Edgar had a mirthless inner grin that floated somewhere back near her palate. She did not yearn for life upstate. This was the truth of the world, right here, her soul’s own home, herself — she saw herself, the fraidy child who must face the real terror of the streets to cure the linger of destruction inside her. Where else would she do her work but under the brave and crazy wall of Ismael Muñoz?
Then Gracie was out of the van. She was out of the seat belt, out of the van and running down the street. The door hung open. Edgar understood at once. She turned and saw the girl, Esmeralda, half a block ahead of Gracie, running for the Bird. Gracie moved among the cars in her clunky shoes and frump skirt. She followed the girl around a corner where the tour bus sat dead in traffic. The tourists watched the running figures. Edgar could see their heads turn in unison, pinwheels spinning at the windows.

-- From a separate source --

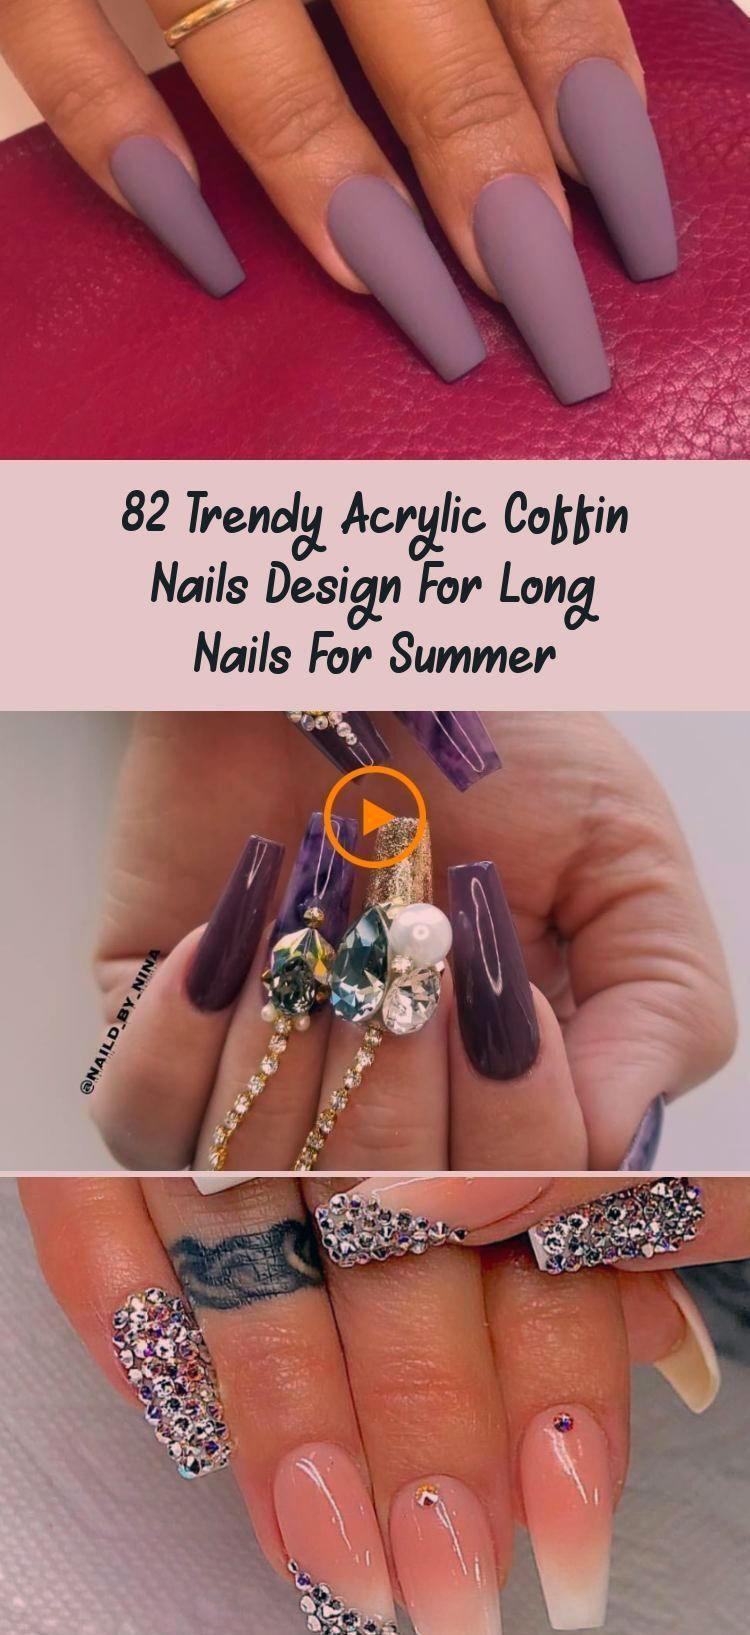 Makeup Coffin Nails Stilettos Coffin Nails Stilettos Coffin Nails Colour Pastel Coffin Nails Coffin Nails M In 2020 Coffin Nails Designs Long Nails Teal Nails

All sounds gathered in the dimming sky.
She thought she understood the tourists. You travel somewhere not for museums and sunsets but for ruins, bombed-out terrain, for the moss-grown memory of torture and war. Emergency vehicles were massing about a block and a half away. She saw workers pry open subway gratings in billows of pale smoke and she said a fast prayer, an act of hope, three years’ indulgence. Then heads and torsos began to emerge, indistinctly, people coming into the air with jaws skewed open in frantic gasps. A short circuit, a subway fire. Through the rearview mirror she spotted tourists getting off the bus and edging along the street, poised to take pictures. And the schoolkids going by, barely interested — they saw tapes of actual killings on TV. But what did she know, an old woman who ate fish on Friday and longed for the Latin mass? She was far less worthy than Sister Grace. Gracie was a soldier, a fighter for human worth. Edgar was basically a junior G-man, protecting a set of laws and prohibitions. She heard the yammer of police cars pulsing in stalled traffic and saw a hundred subway riders come out of the tunnels accompanied by workers in incandescent vests and she watched the tourists snapping pictures and thought of the trip she’d made to Rome many years ago, for study and spiritual renewal, and she’d swayed beneath the great domes and prowled the catacombs and church basements and this is what she thought as the riders came up to the street, how she’d stood in a subterranean chapel in a Capuchin church and could not take her eyes off the skeletons stacked there, wondering about the monks whose flesh had once decorated these metatarsals and femurs and skulls, many skulls heaped in alcoves and catty-corners, and she remembered thinking vindictively that these are the dead who will come out of the earth to lash and cudgel the living, to punish the sins of the living — death, yes, triumphant — but does she really want to believe that, still?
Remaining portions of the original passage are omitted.